Kicking It Up a Notch: Compound Circuit Training!

I’ve been working out with Joel for about 50 weeks. I’ve lost 50 pounds. I recently ran a half-marathon. I’d like to think I’m pretty damn strong at this point.

Then I walked into the gym yesterday for a workout with Joel. After a weekend of slacking, I was excited to be back in the gym. But nothing could have prepared me for the ass-kicking that awaited me. Technically, this ass-kicking is called compound circuit training, and it’s a high-intensity combination of cardio and strength training. In my case, Joel specifically planned this workout to mix things up so I could bust through the slight plateau I’ve been chilling at. The “compound” part refers to working multiple muscle groups.

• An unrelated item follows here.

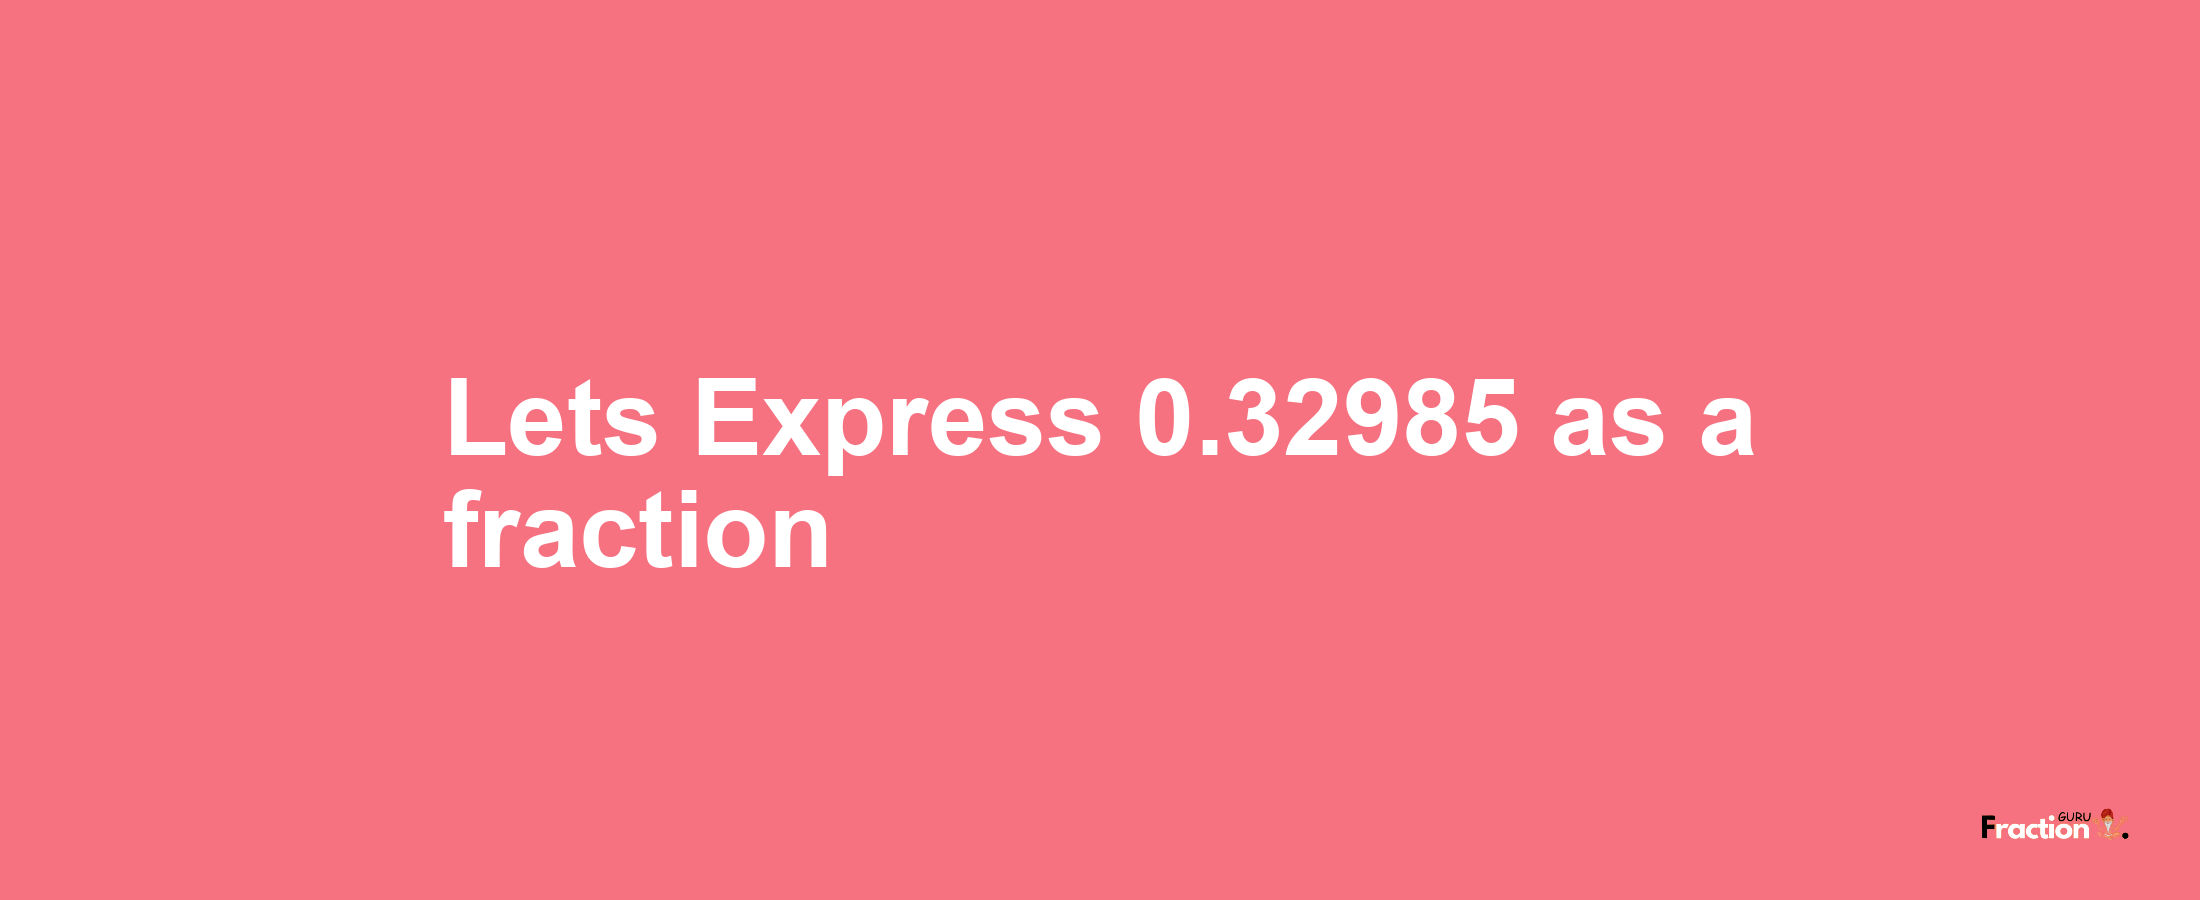 Lets Express 0.32985 as afraction

We did this for 44 minutes — two sets of 22 minutes each (I think) with a 2-minute break in between (water has never before and will never again taste as good as it did in those two minutes). Each rotation was about six exercises, with each exercise done for 20 seconds with 10 seconds of rest between exercise, although most of that was used switching exercises. Below are the 7-8 core exercises that comprised this workout:

[I have no idea what the technical names for these exercises are, so if you do, please let me know!]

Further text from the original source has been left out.